IRVINE, Calif., March 7 /PRNewswire-FirstCall/ -- Endocare, Inc. , an innovative medical device company focused on the development of minimally invasive technologies for tissue and tumor ablation, reported today that the growing number of cryoablation procedures combined with continued control of operating expenses resulted in an increase in revenues from continuing operations and a significant reduction in operating loss from continuing operations in the fourth quarter ended December 31, 2005. Results from continuing operations exclude the results of the Timm Medical unit, which was divested in February 2006. Total revenues from continuing operations for the 2005 fourth quarter were $7.5 million, a 17.2 percent increase from revenues of $6.4 million in the 2004 fourth quarter. Total revenues from continuing operations for the full year 2005 were $28.3 million, a 16.9 percent increase over the $24.2 million in 2004.

The number of cryoablation procedures performed grew 37.4 percent to 1,690 in the 2005 fourth quarter from 1,230 in the comparable period of 2004. Total cryoablation procedures for the full year were 6,407, or 35.9 percent over the 2004 fiscal year.

Endocare Chairman and CEO Craig T. Davenport stated, "We finished the year on a very strong note by continuing to post annual procedural growth rates in excess of 35 percent. This strong performance positions us well as we head into 2006. I was especially pleased with the execution on the part of our sales force. We had established twin objectives early in 2005 to increase usage in primary, salvage and focal treatments of prostate cancer among our existing base of trained, experienced physicians, and to assist our proctors in training new physicians during the year. We were successful on both counts -- driving increased utilization within our base and adding 136 newly trained cryosurgeons during the year."

For continuing operations, gross margin as a percentage of revenues increased to 48.9 percent for the 2005 fourth quarter from 46.1 percent for the 2004 period. Gross margin for the full year 2005 from continuing operations was 44.3 percent compared to 43.8 percent in 2004. Davenport stated, "Increasing our gross margin has been a primary objective of our management team for the past eight quarters and therefore, it is gratifying to see the continued increase in the fourth quarter and for the full year."

Operating expenses from continuing operations for the 2005 fourth quarter were $7.5 million, including $1.3 million in legal and accounting fees.
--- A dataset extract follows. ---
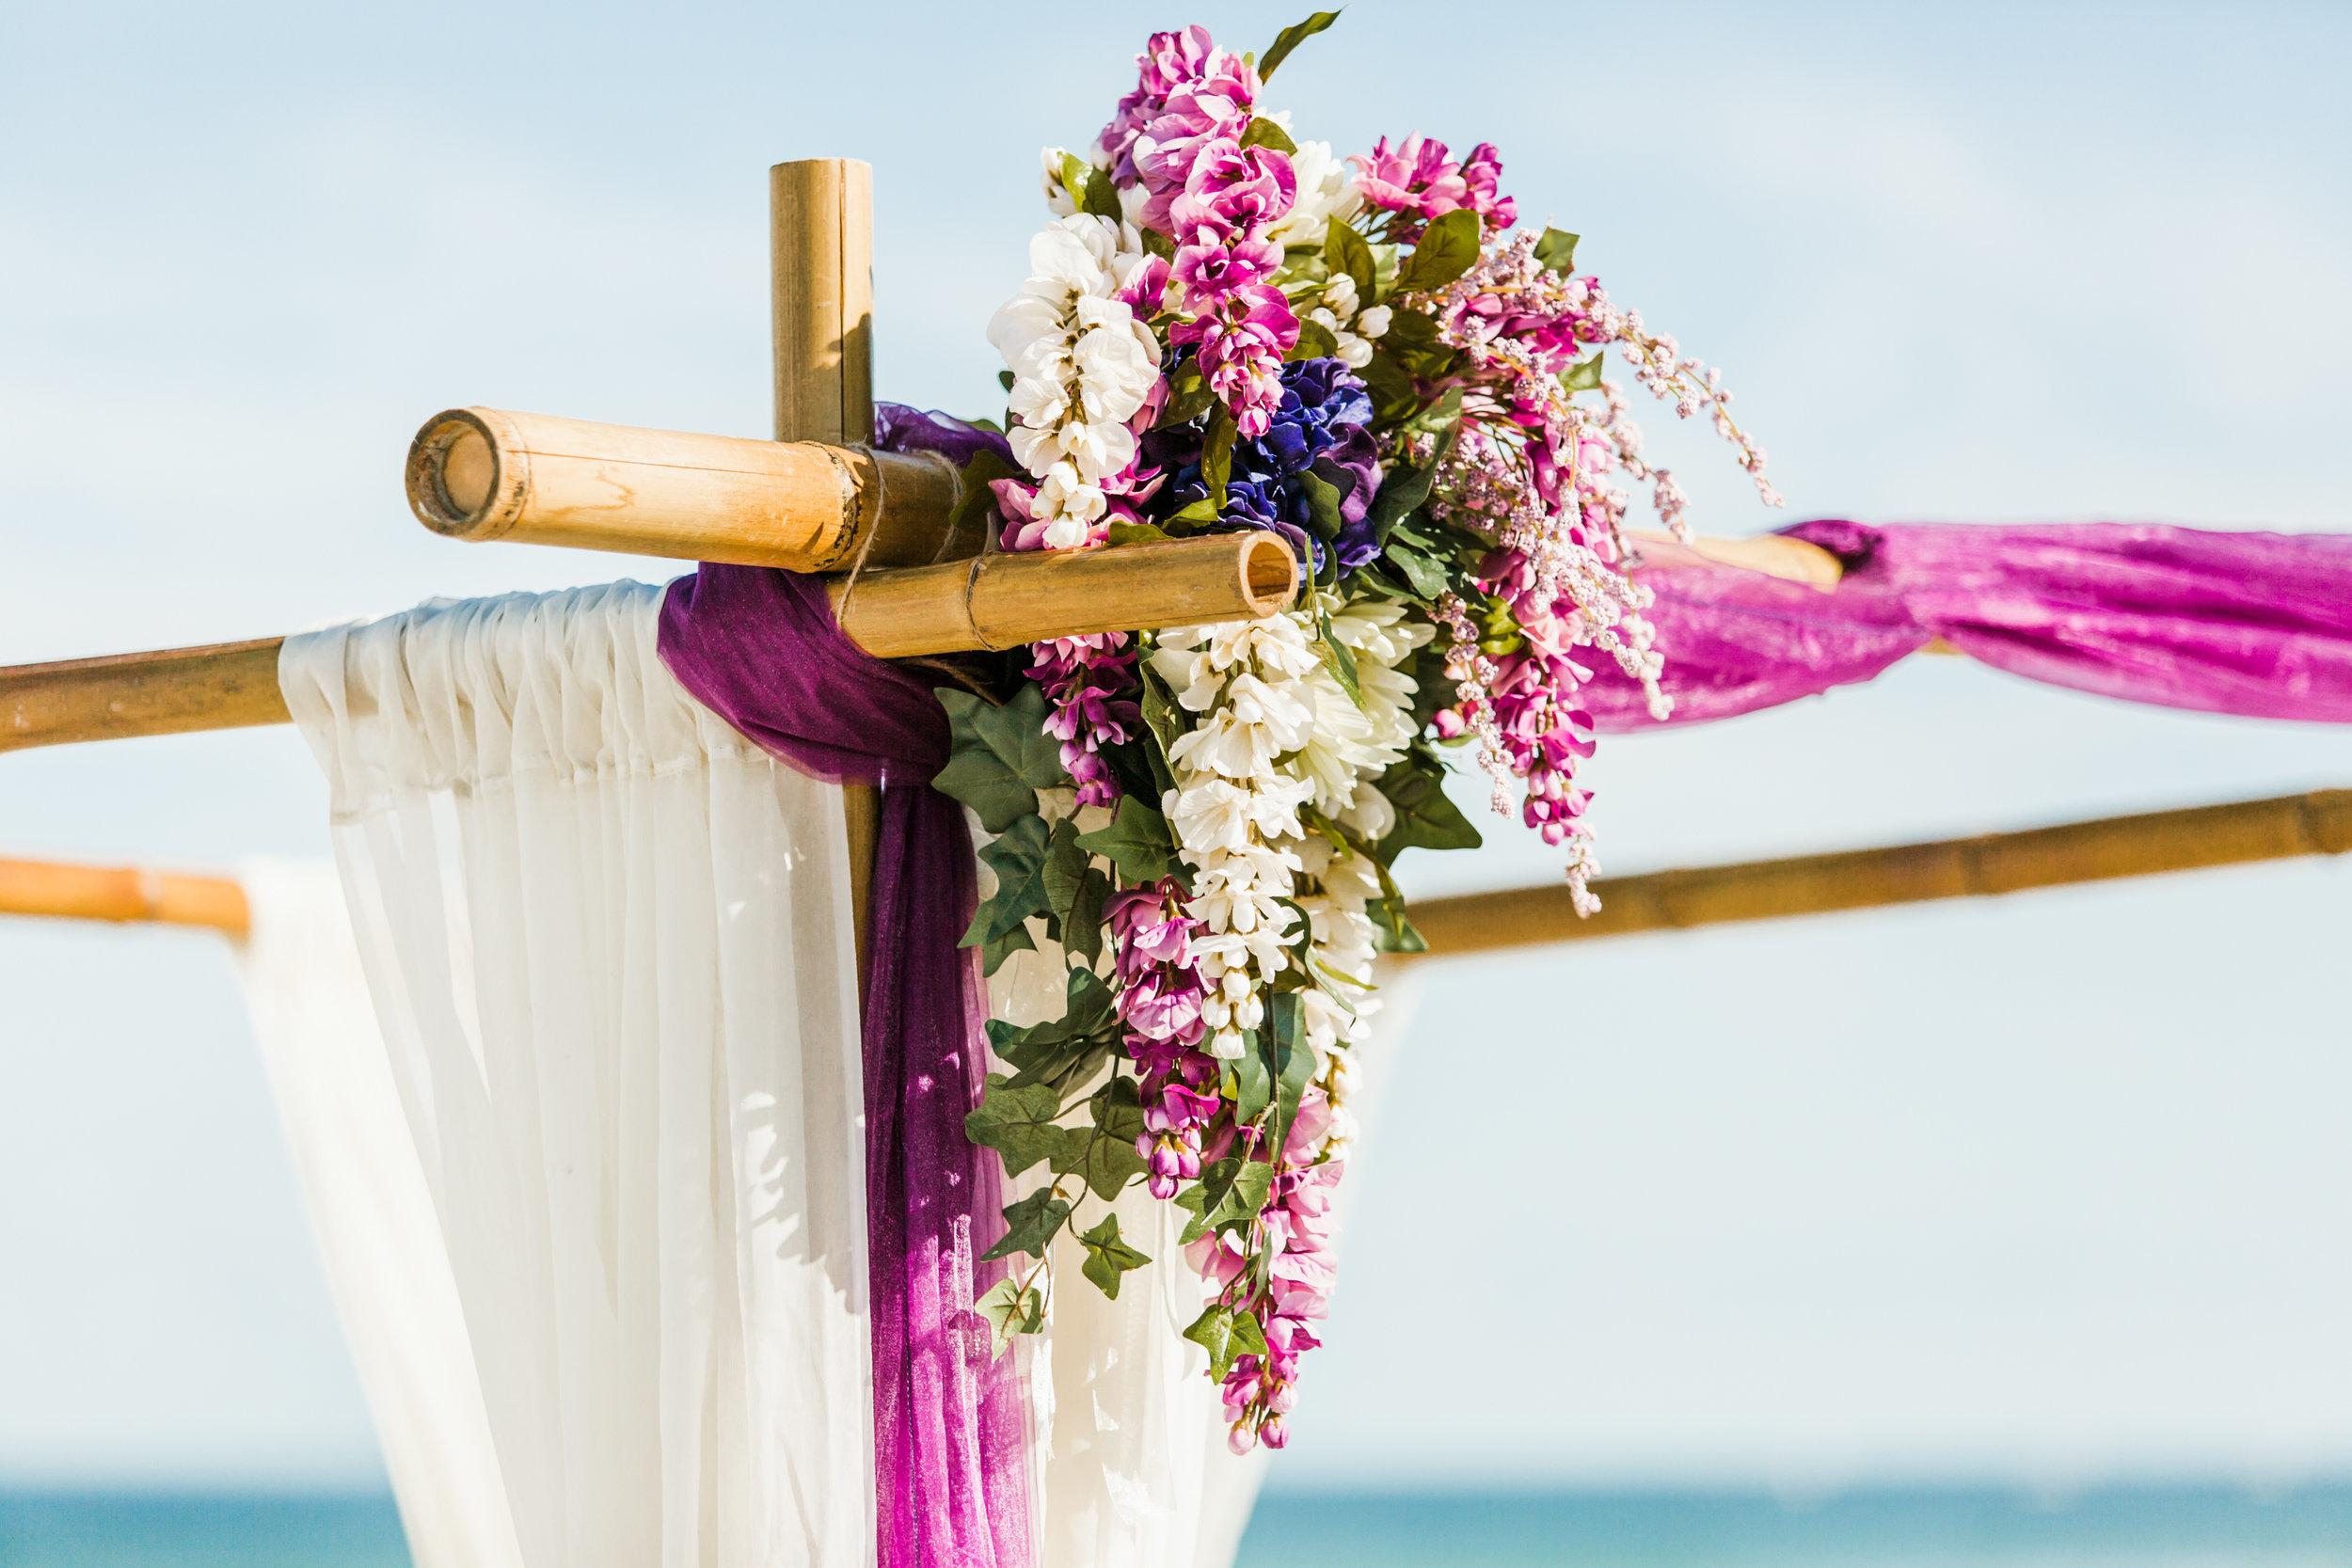 Violets & Seastars- November Ponce Inlet Wedding - Suzette & Dwight 4.jpg

Net loss from continuing operations in the fourth quarter of 2005 was $2.9 million, or $0.10 loss per share, compared to a net loss from continuing operations of $4.6 million, or $0.19 loss per share, in the prior year period. For continuing operations, net loss for the 2005 full year was $15.7 million or $0.54 loss per share as compared to a net loss of $32.1 million or $1.32 loss per share in 2004. The third quarter of 2004 included an impairment charge of $9.9 million.

Chief Financial Officer Michael R. Rodriguez said, "We are very pleased with the level of cash use in the fourth quarter as we maintained stringent operational controls during the period. We are working our way through one-time cash expenditures, which we expect in the future will include the $750,000 for our proposed settlement with the SEC and up to $1.0 million or more in payments for delinquent state and local taxes from previous years. While the first quarter of each year tends to result in a greater amount of cash use in our business, the cash infusion from the sale of Timm Medical significantly bolsters our cash reserves, and we continue to place a high priority on conserving those cash resources. At the same time, we will continue to invest in the growth of our business."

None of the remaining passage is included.